◆ Task prompt ◆
Could you restate the data below word for word, without its pictures?

◆ Material provided ◆
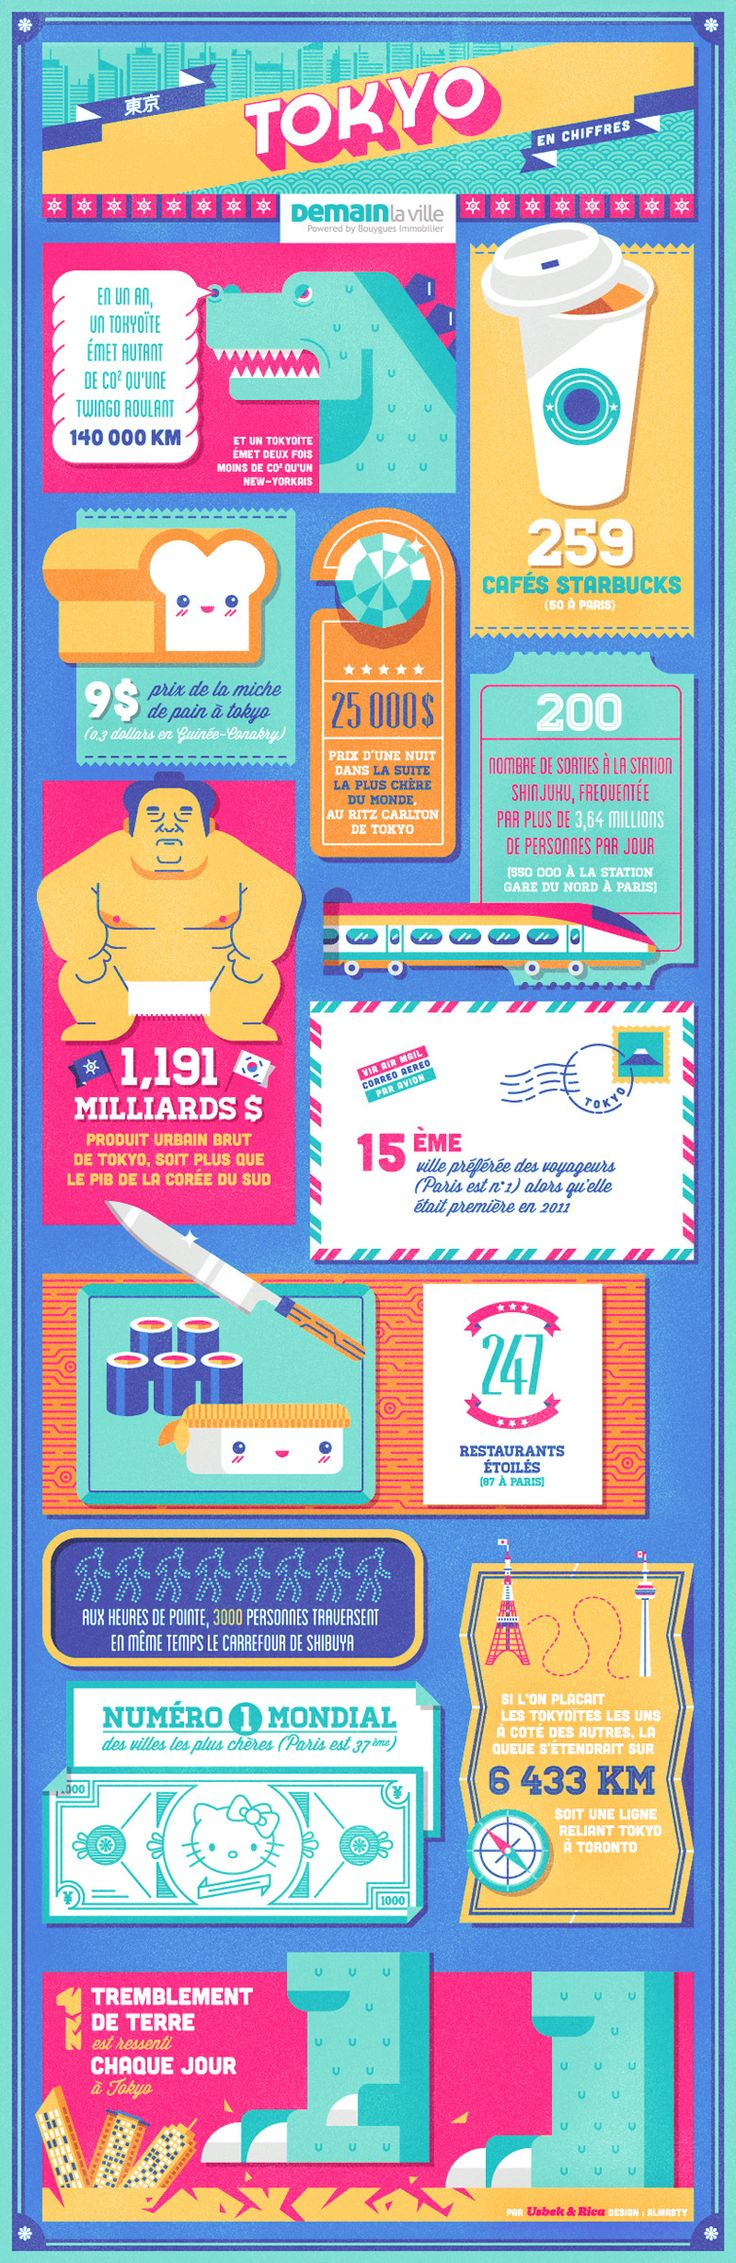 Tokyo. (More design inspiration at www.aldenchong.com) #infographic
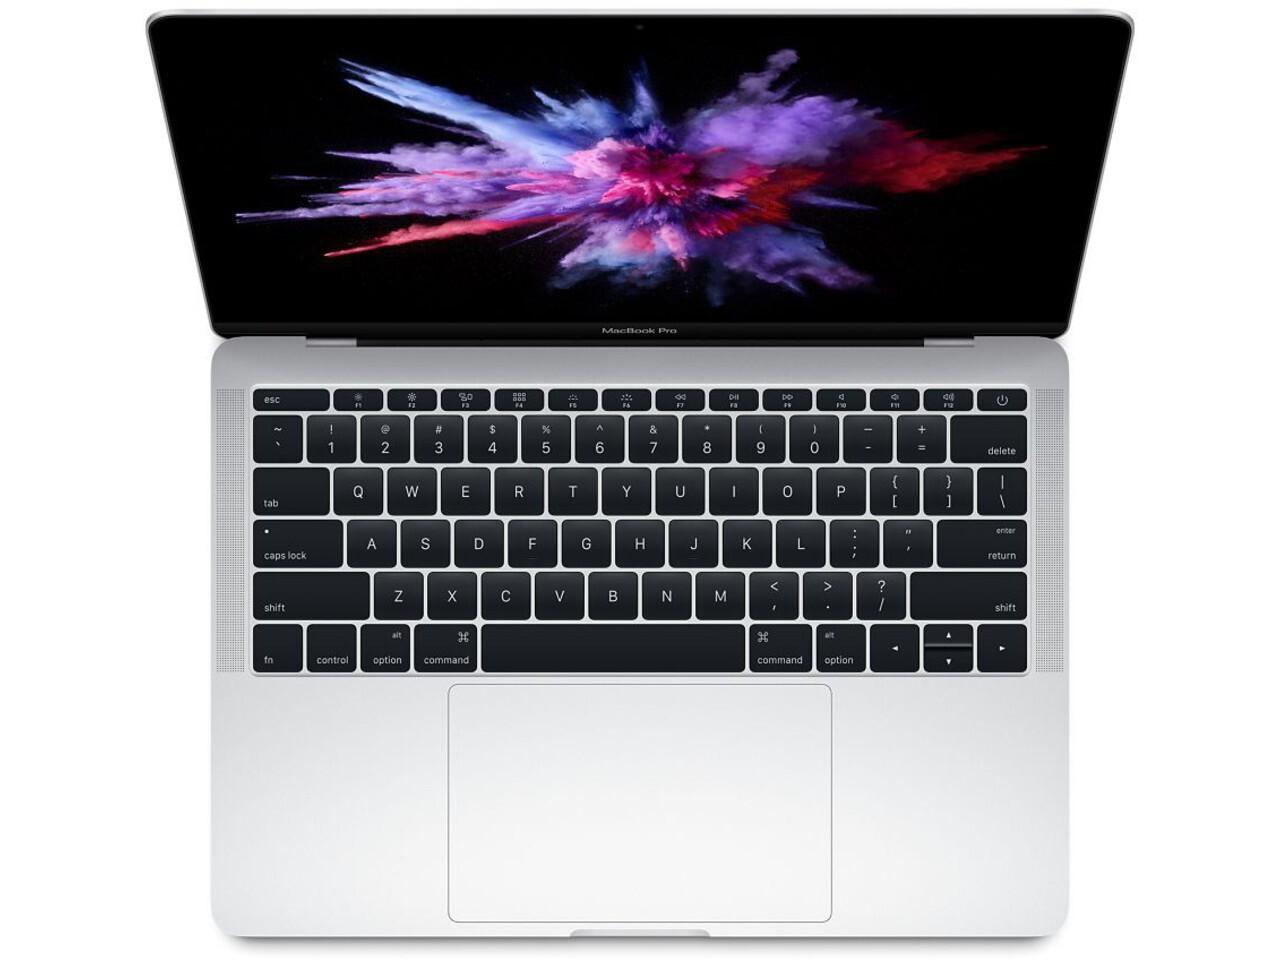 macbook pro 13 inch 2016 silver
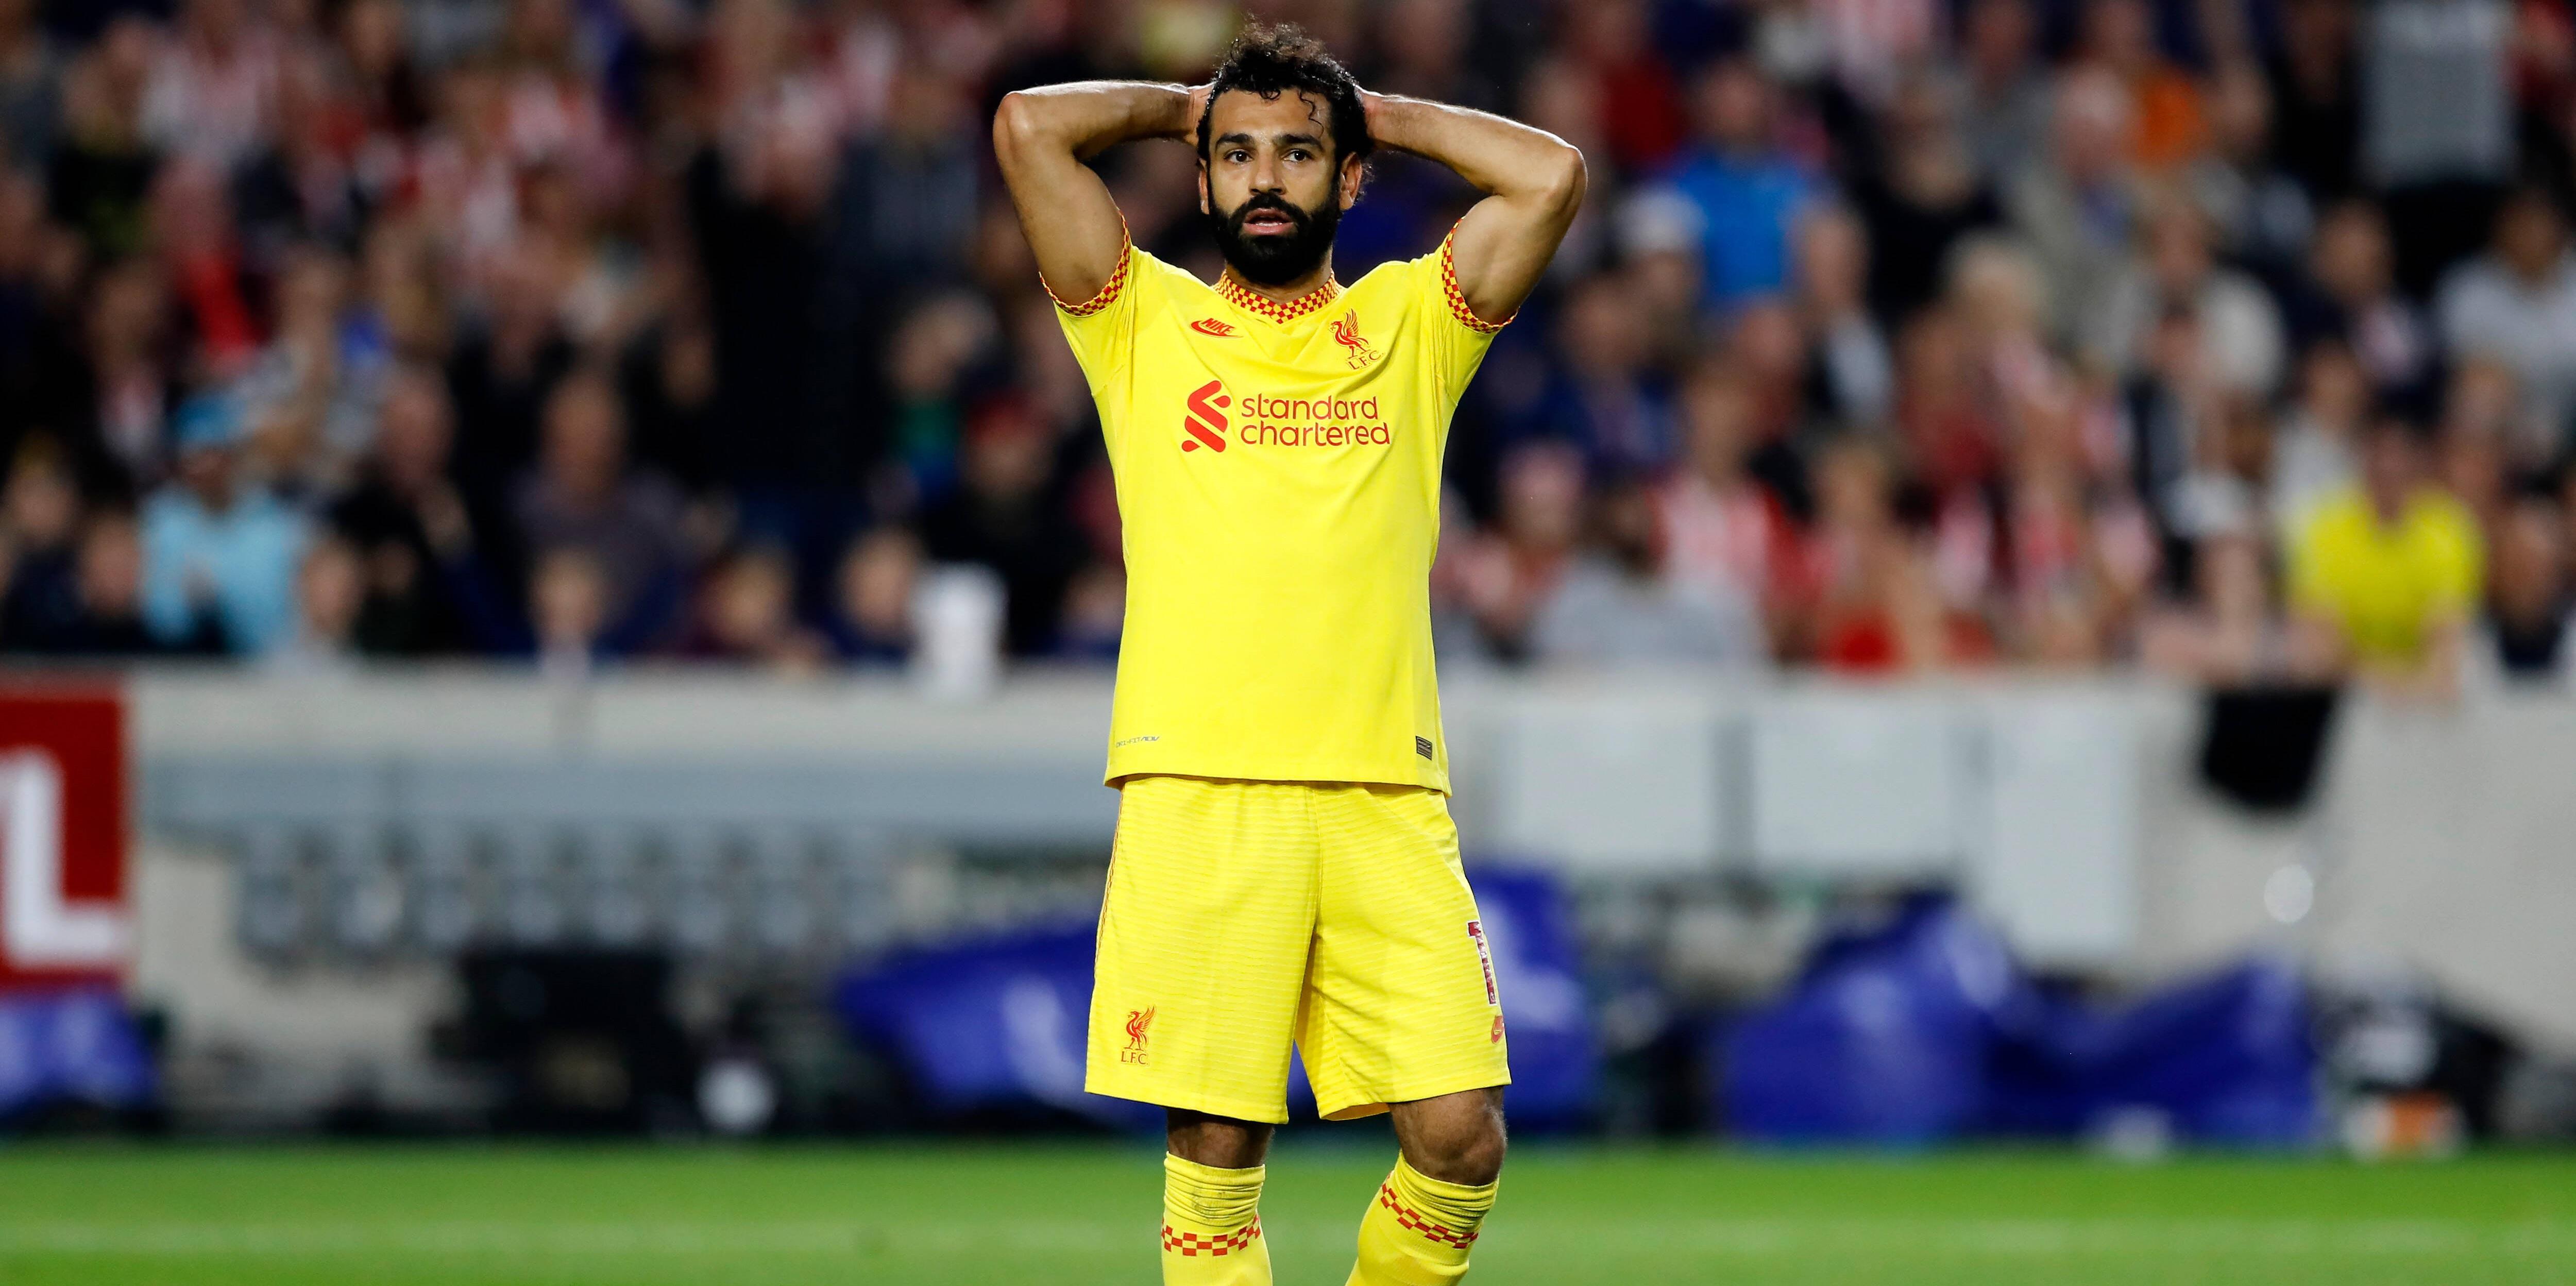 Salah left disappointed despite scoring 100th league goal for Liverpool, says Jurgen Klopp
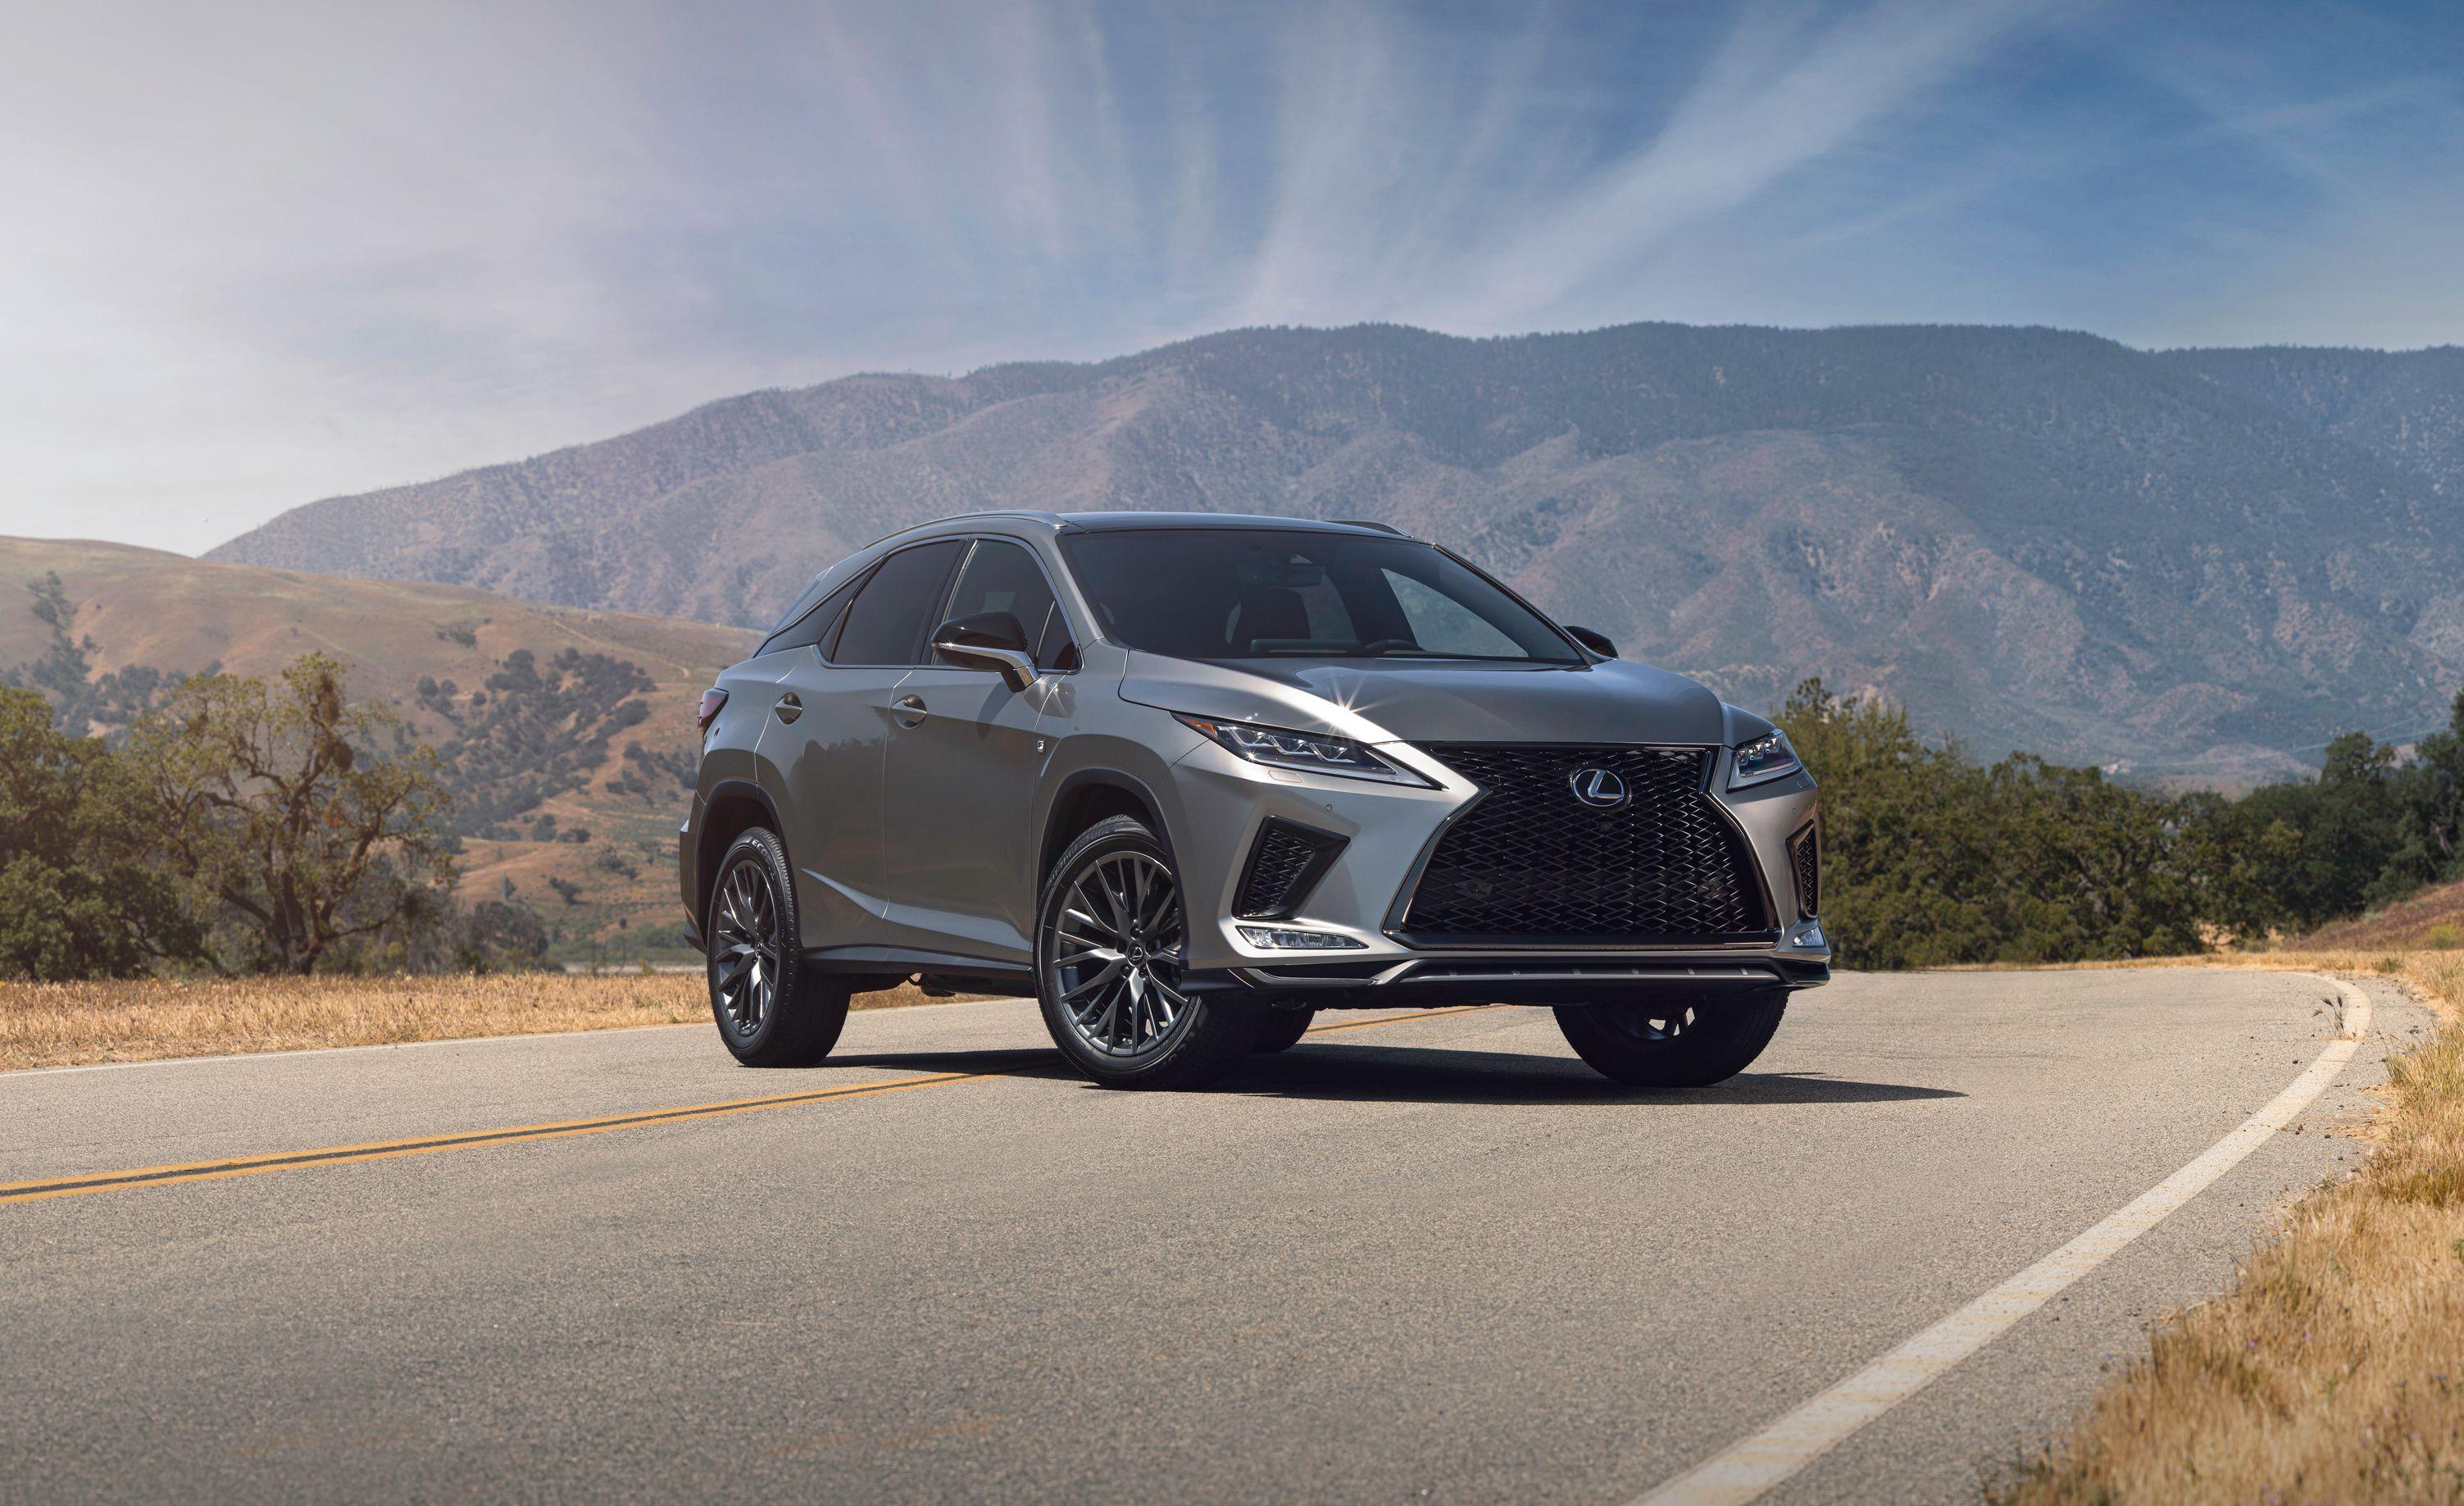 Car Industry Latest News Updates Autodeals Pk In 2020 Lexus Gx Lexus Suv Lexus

◆ Written answer ◆
 Tokyo. (More design inspiration at www.aldenchong.com) #infographic
 macbook pro 13 inch 2016 silver
 Salah left disappointed despite scoring 100th league goal for Liverpool, says Jurgen Klopp
 Car Industry Latest News Updates Autodeals Pk In 2020 Lexus Gx Lexus Suv Lexus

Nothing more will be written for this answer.